• **RECORDED INFORMATION**
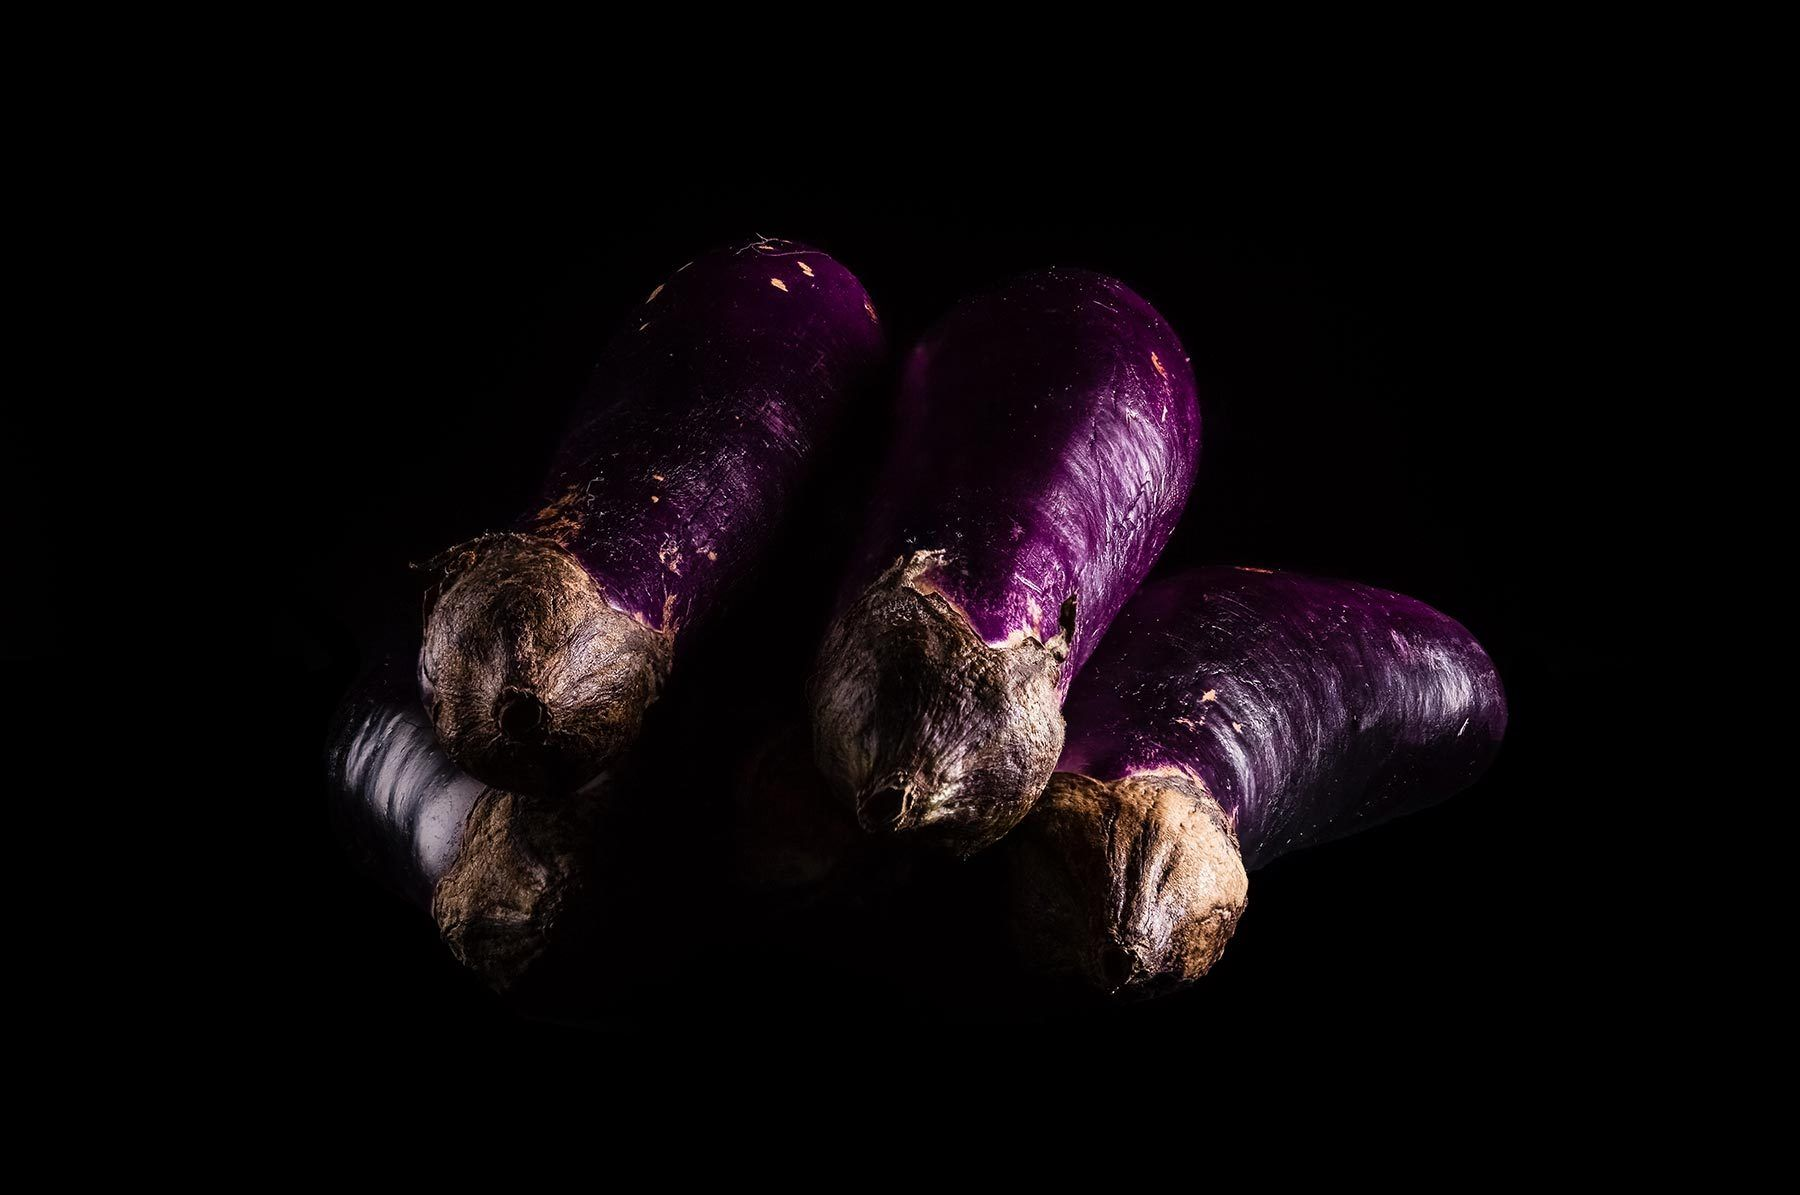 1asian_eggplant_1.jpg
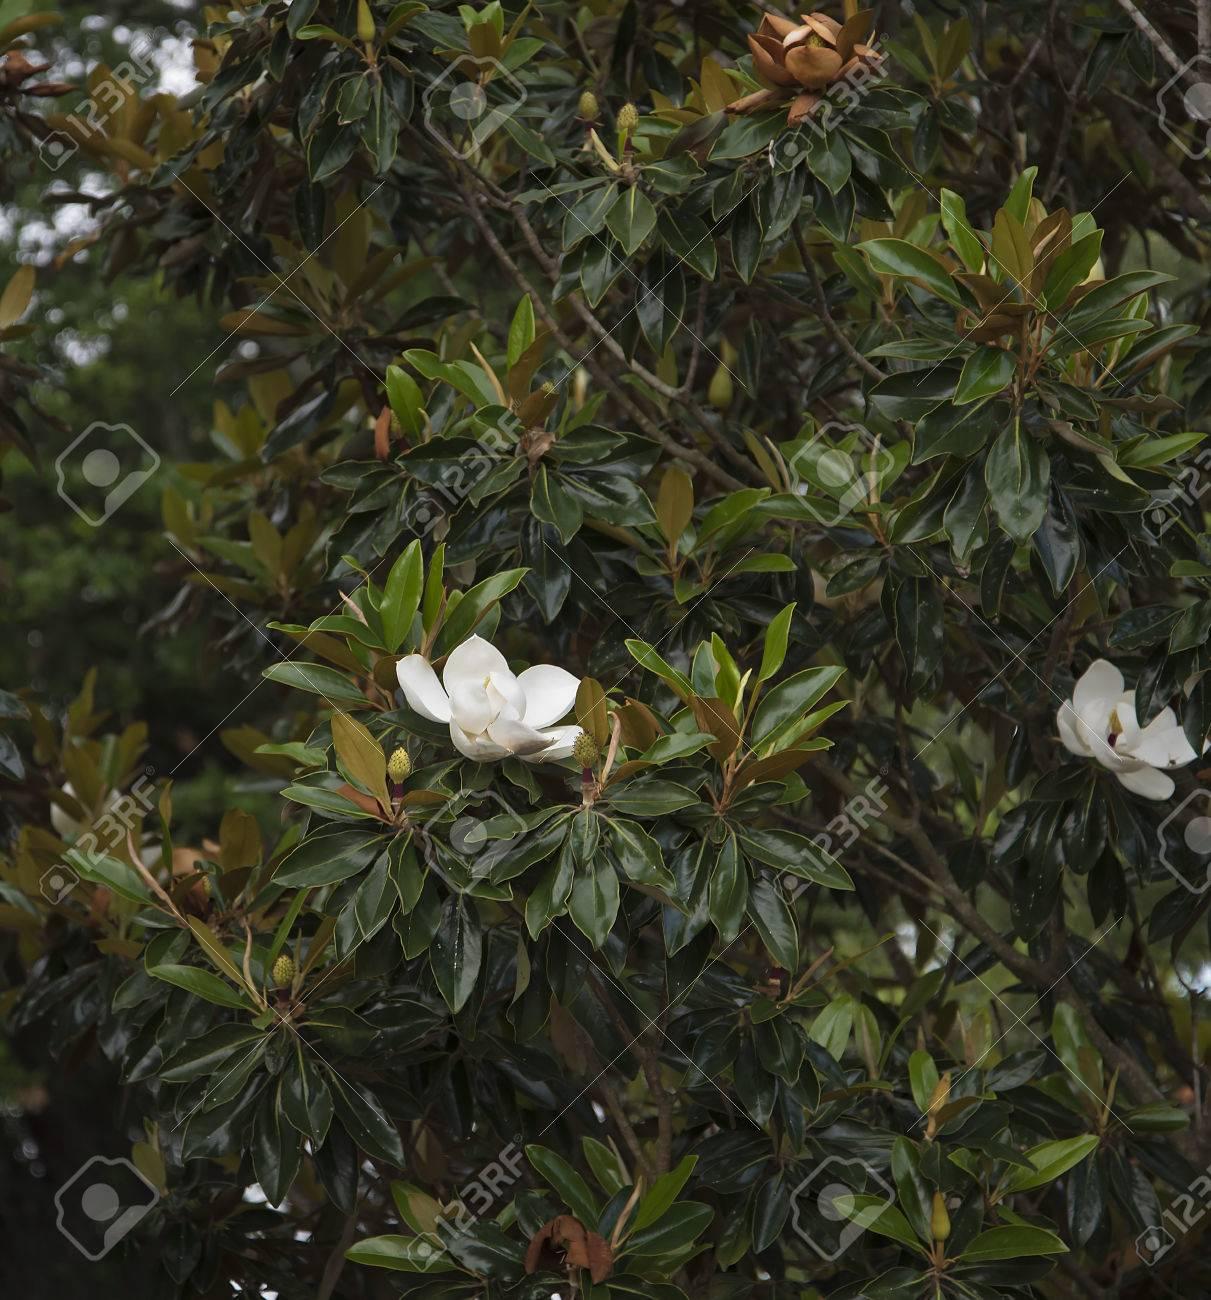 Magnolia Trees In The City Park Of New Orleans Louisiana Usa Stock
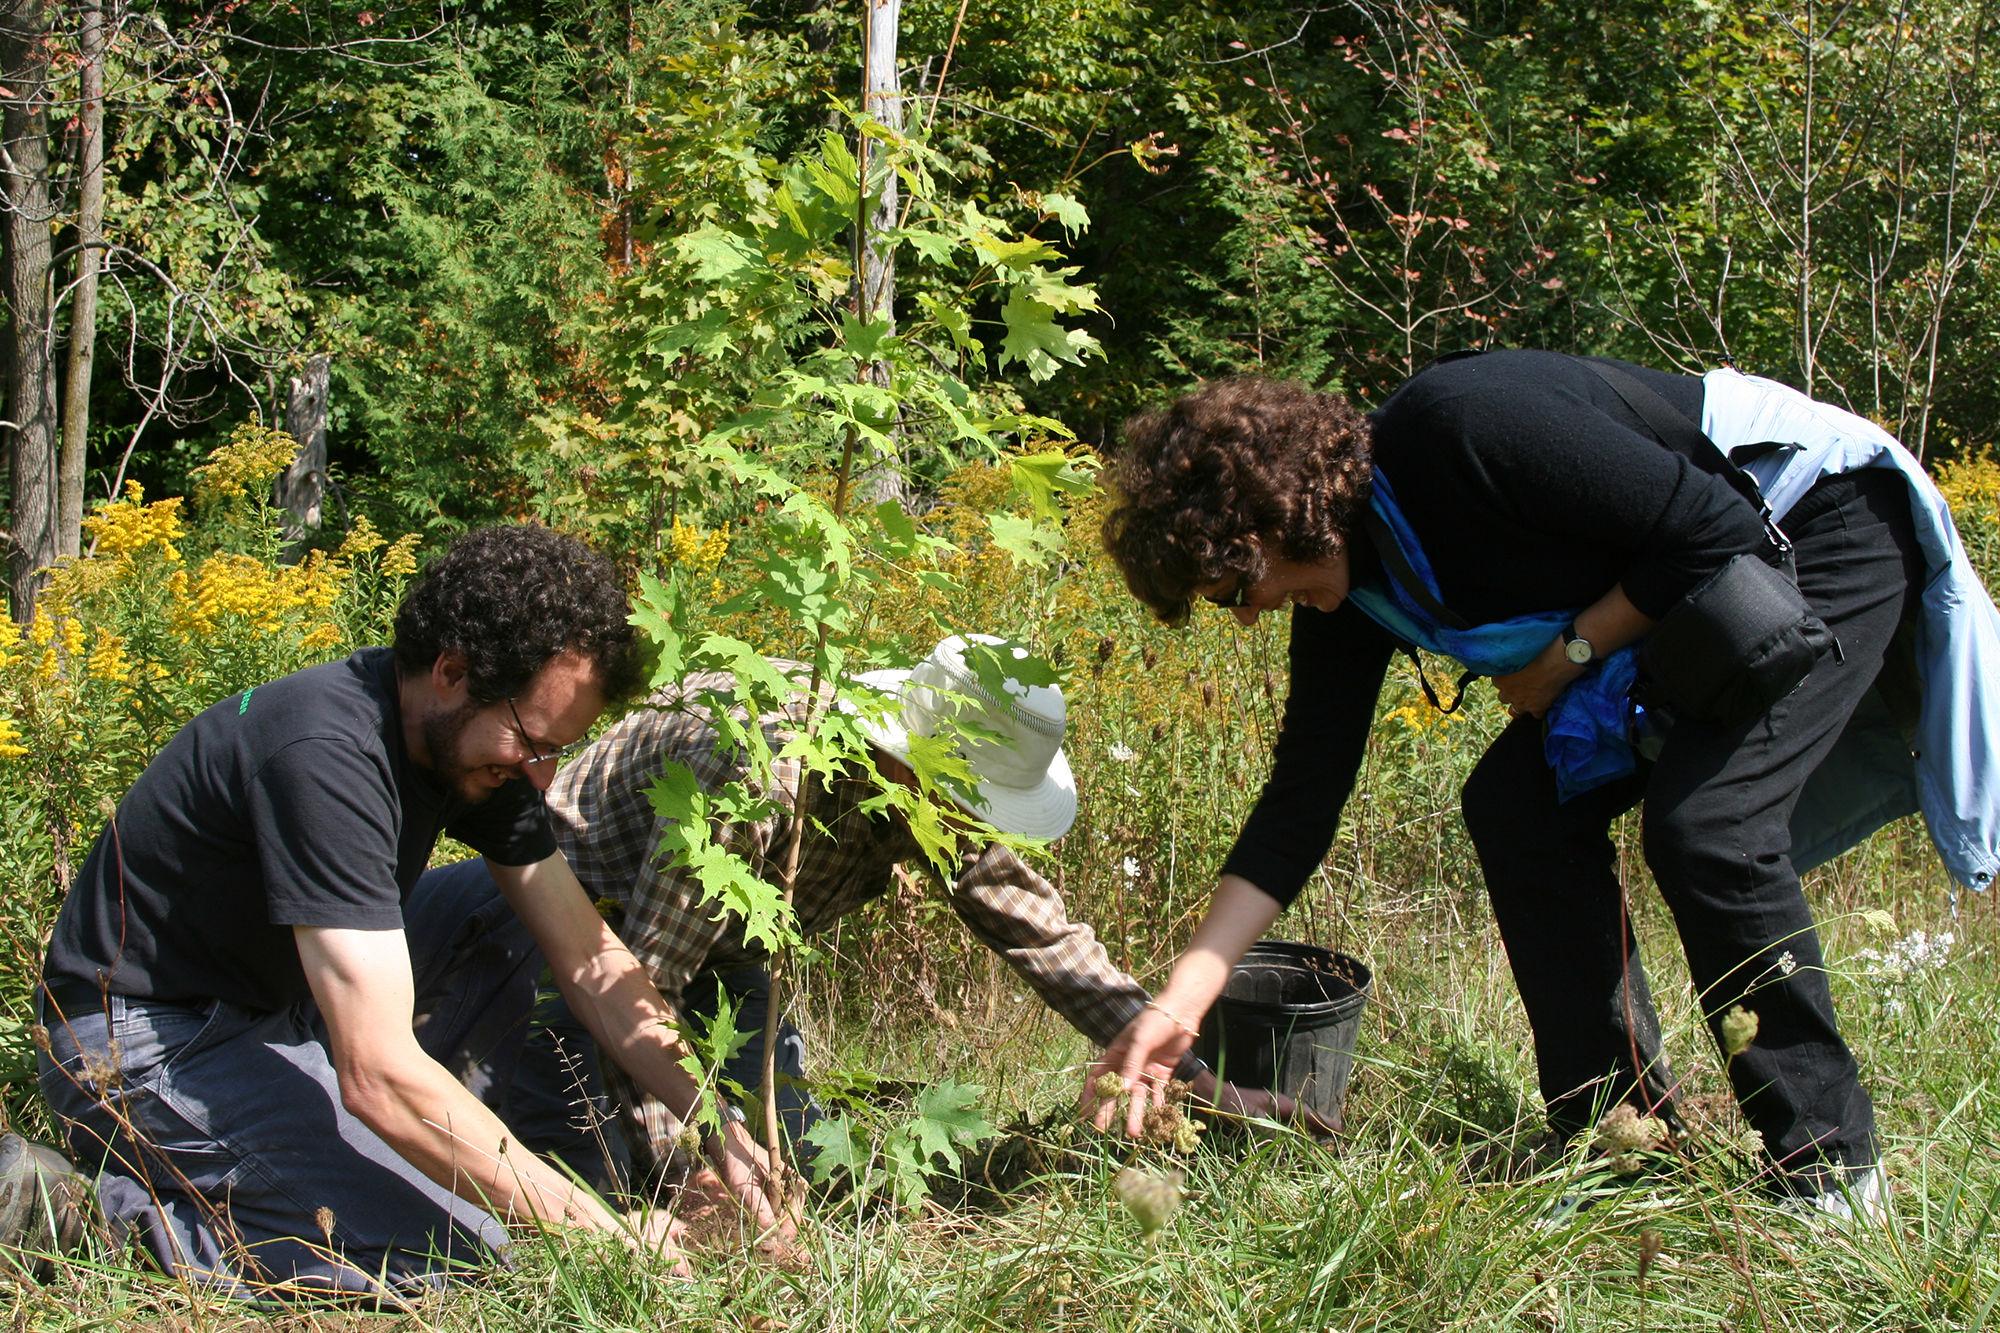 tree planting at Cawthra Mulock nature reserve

• **WORK ITEM**
Without the pictures, output the full listing exactly as it stands.

• **ANSWER BOX**
 1asian_eggplant_1.jpg
 Magnolia Trees In The City Park Of New Orleans Louisiana Usa Stock
 tree planting at Cawthra Mulock nature reserve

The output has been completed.